# Requirement
A faithful transcription of all the data, images excluded, is the required answer.

# Available data
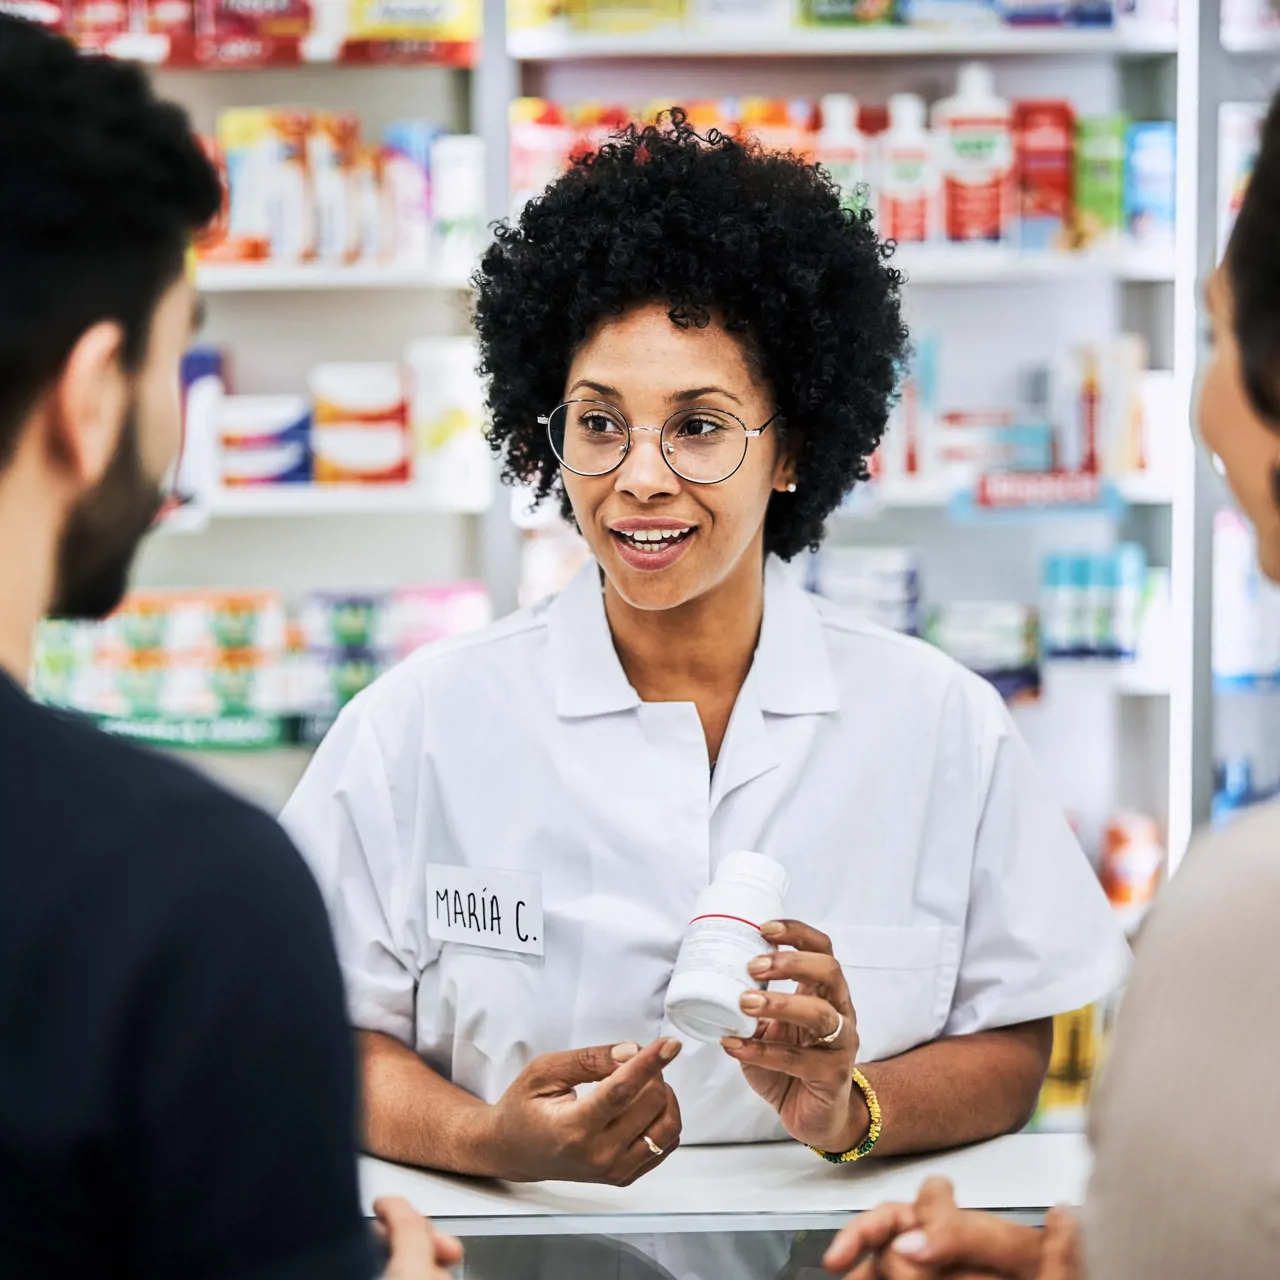 Pharmacy dispenser discussing medication
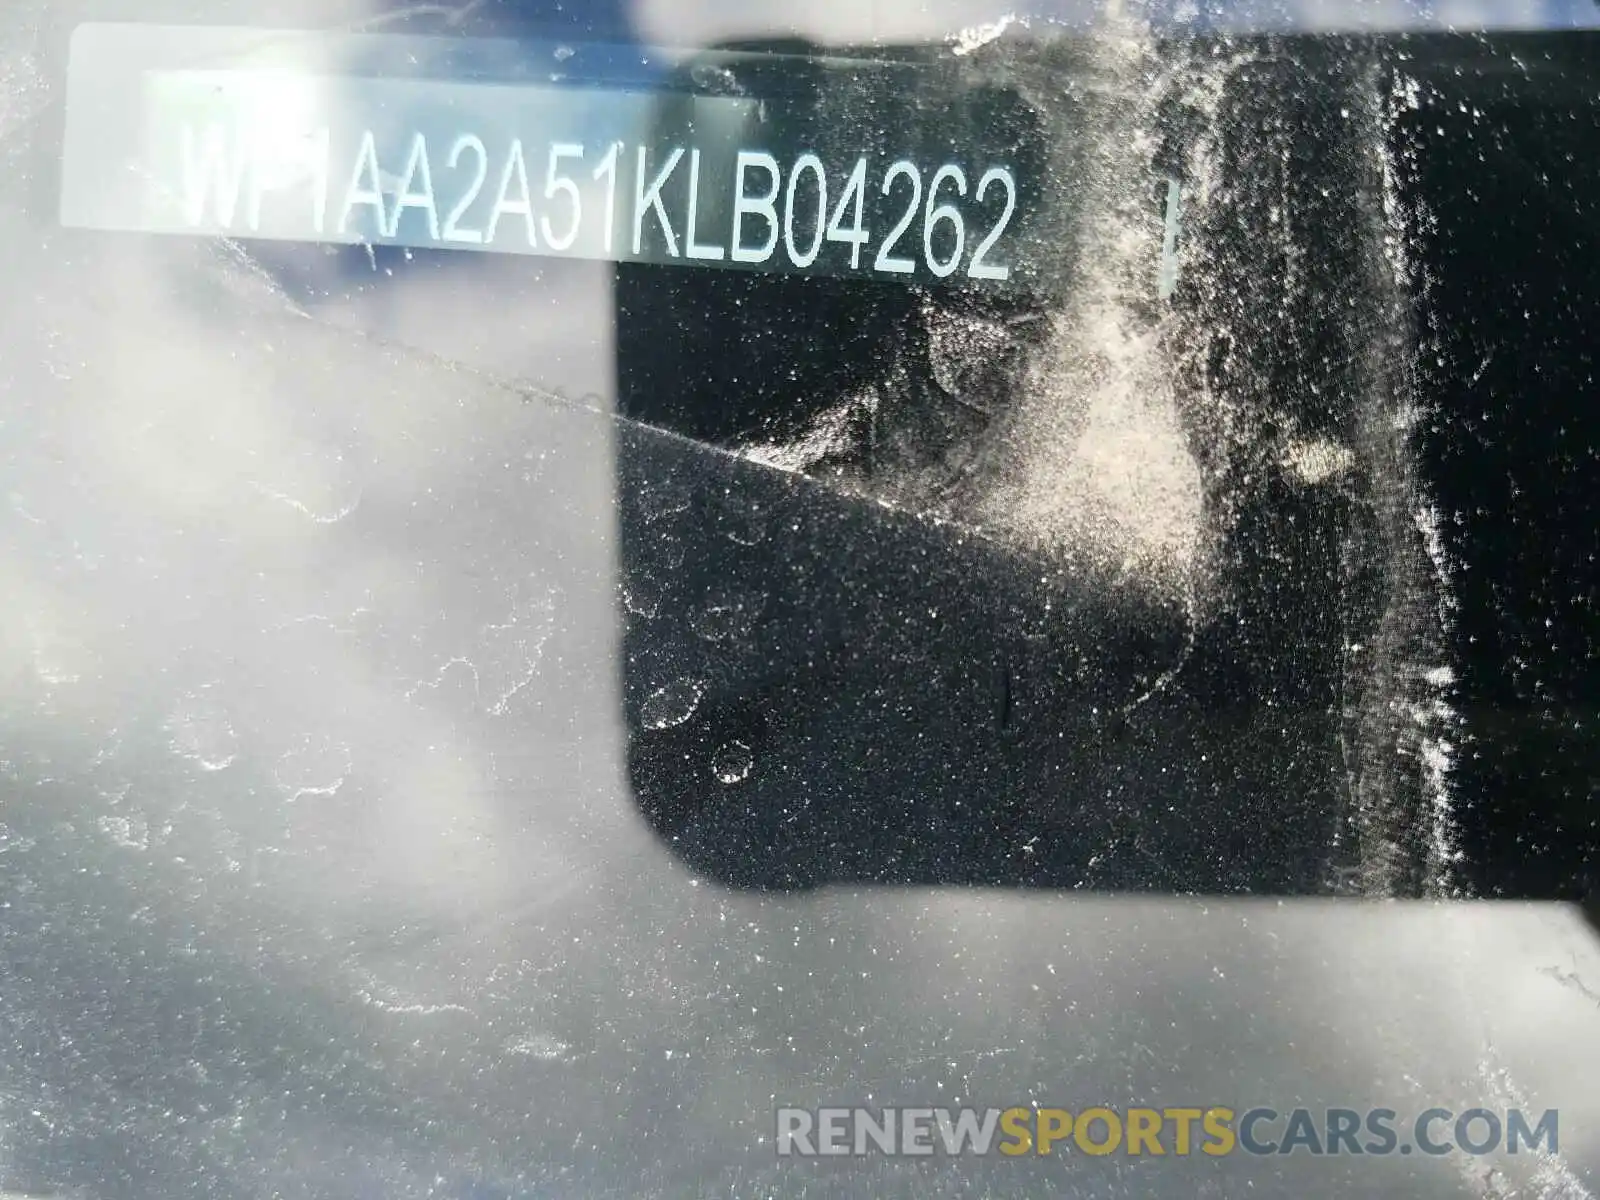 10 Photograph of a damaged car WP1AA2A51KLB04262 PORSCHE MACAN 2019
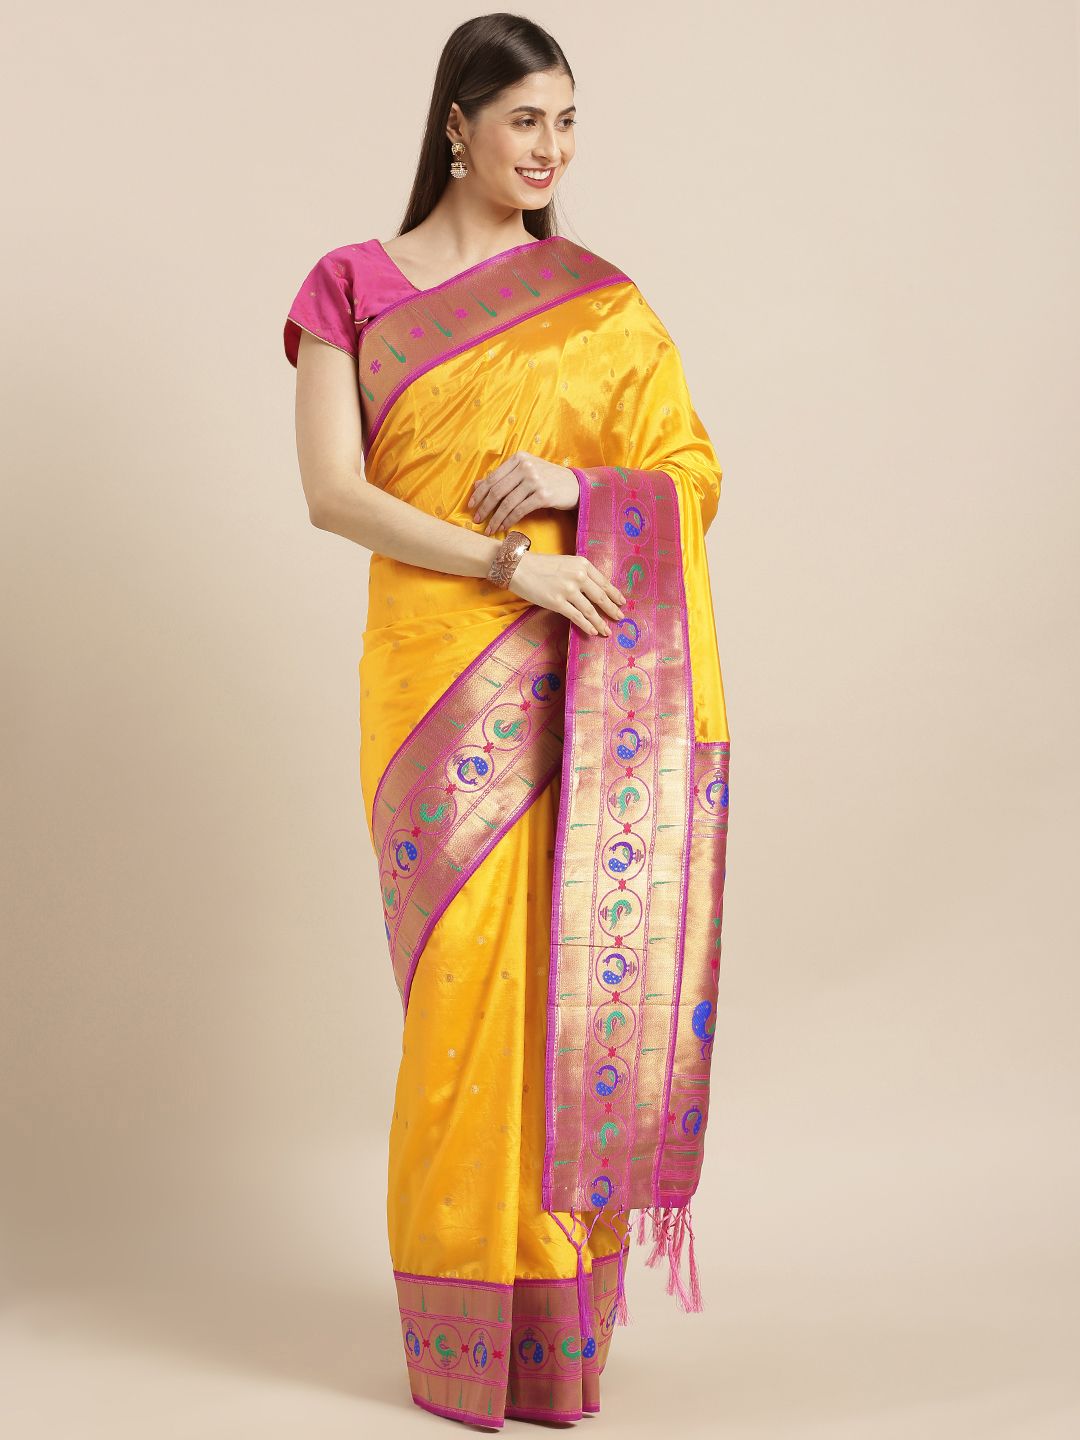 Varkala Silk Sarees Gold-Toned & Pink Silk Blend Woven Design Paithani Saree Price in India
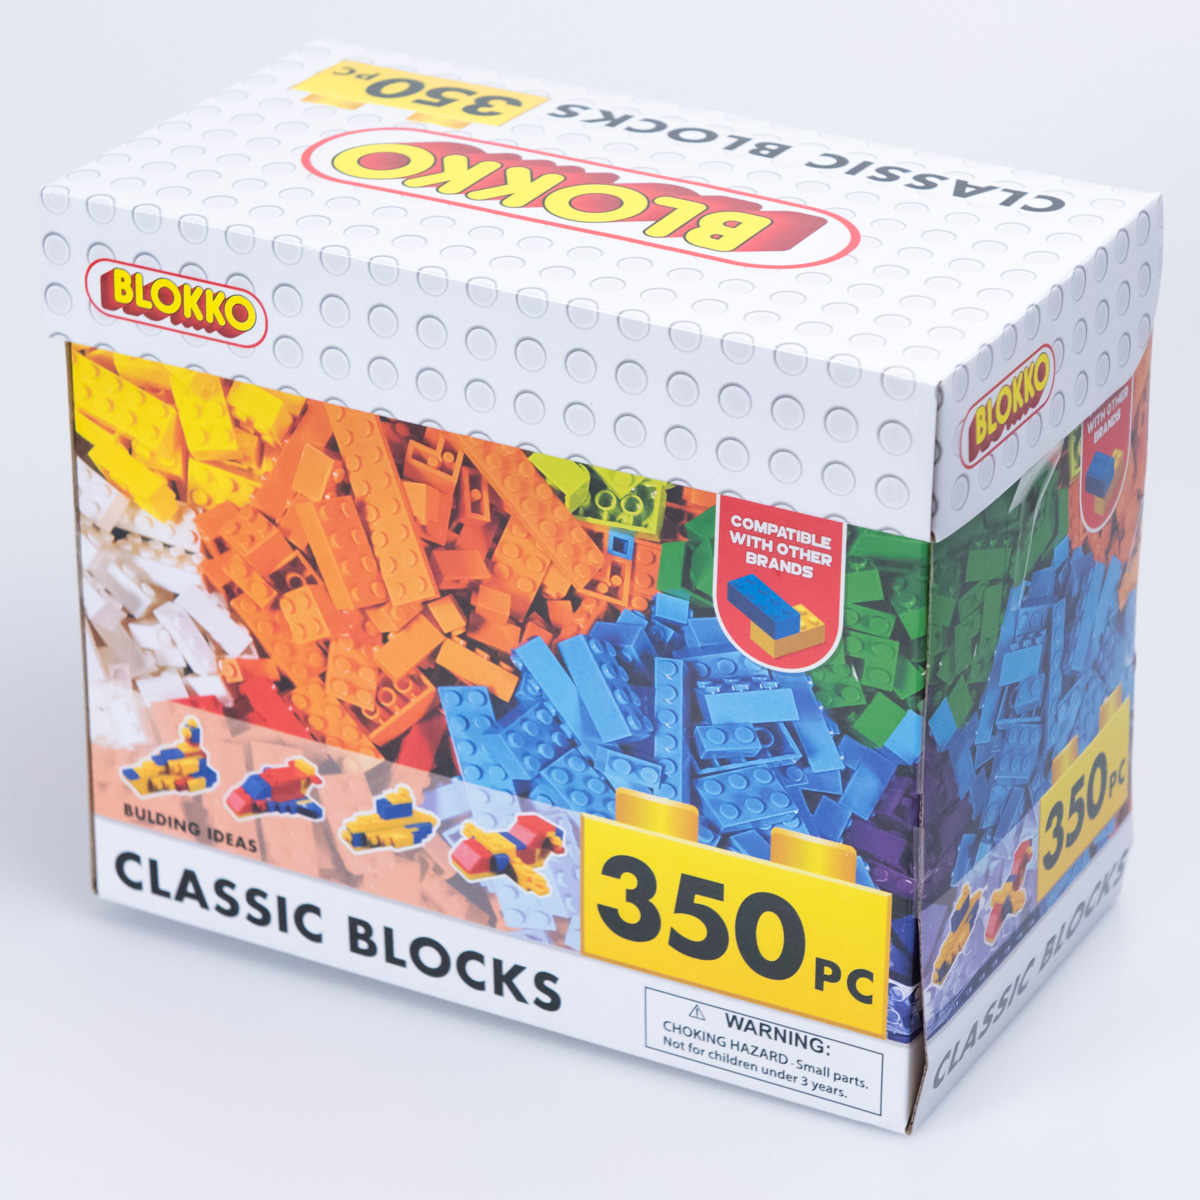 Details about   800 PC Classic Block Set Blokko

# Output below
 Pharmacy dispenser discussing medication
 10 Photograph of a damaged car WP1AA2A51KLB04262 PORSCHE MACAN 2019
 Varkala Silk Sarees Gold-Toned & Pink Silk Blend Woven Design Paithani Saree Price in India
 Details about   800 PC Classic Block Set Blokko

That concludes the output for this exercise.